This is a very interesting study, which is why I'm giving it, it's own blog posting. The official title of this study says it all, optimistically: "Reversing Type 1 Diabetes After it is Established". It builds on three separate lines of research: Burt's ATG/GCSF/cyclophosphamide trial, a separate line of ATG-only trials, and NOD mice trials on ATG and GCSF (all discussed more below).
The basic idea behind this research is that ATG modulates the body's immune system, while GCSG causes the body to generate more t-cells directly from it's own bone marrow.

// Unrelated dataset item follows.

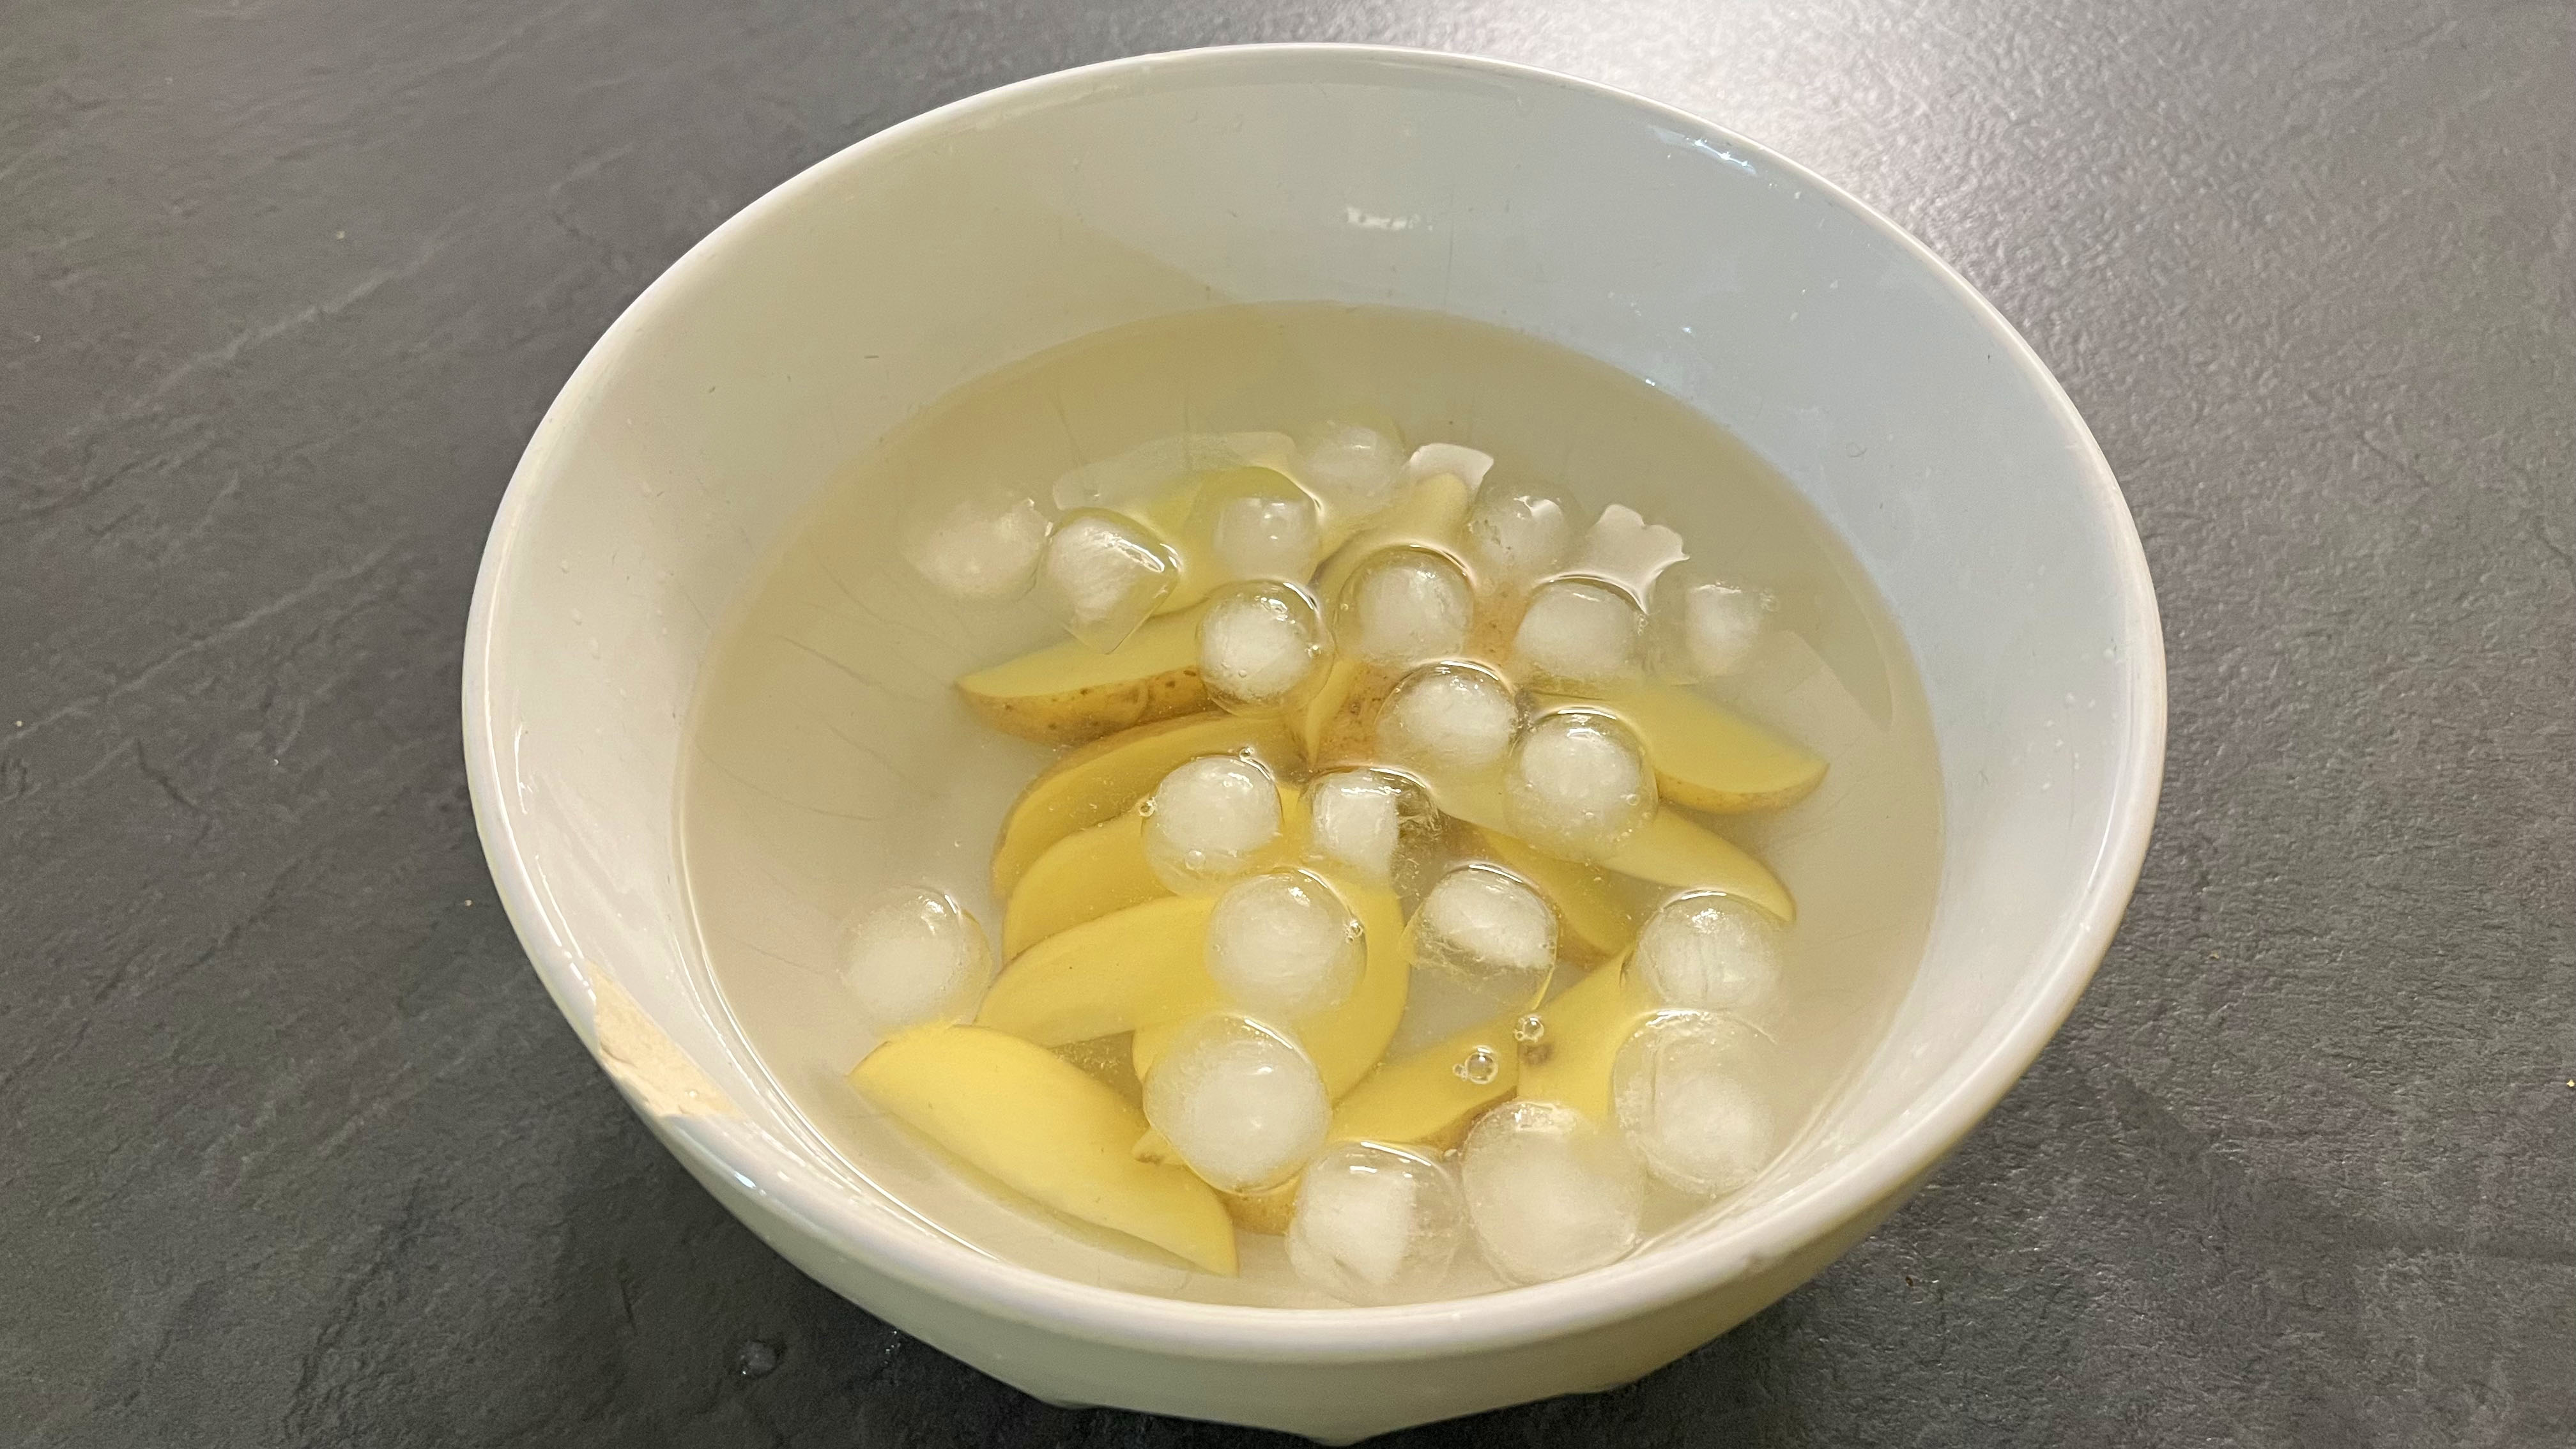 Wedge potatoes in an ice bath

ATG is a mixture of different antibodies that target T cells, including the anti-CD3 antibody. The hope is that this multi-faceted approach will be even more successful and have a longer lasting effect than with anti-CD3 alone, and may treat diabetes by several mechanisms. First, it lowers the number of T cells, so there are fewer to attack the beta cells. It also seems to alter the T cells remaining behind, rendering them less likely to be destructive. Following this depletion, the T cells that grow back in the following weeks may be reset and have a healthier balance (meaning that a special type of T cells, called regulatory T cells, will help keep the destructive T cells in check).
GCSG is essentially a growth factor that helps the body repopulate the cells after ATG depletes them. So, if ATG fixes the immune system by getting rid of the destructive cells, and the GCSG can cause the body to generate more t-cells afterwords, and presumably a healthier balance of these cells, then the two together could stop the autoimmune defect that causes type-1 diabetes. (Regrowing new beta cells might still be required for some people.) And, this process has already been used successfully to cure type-1 diabetes in mice, so that is always a good first step.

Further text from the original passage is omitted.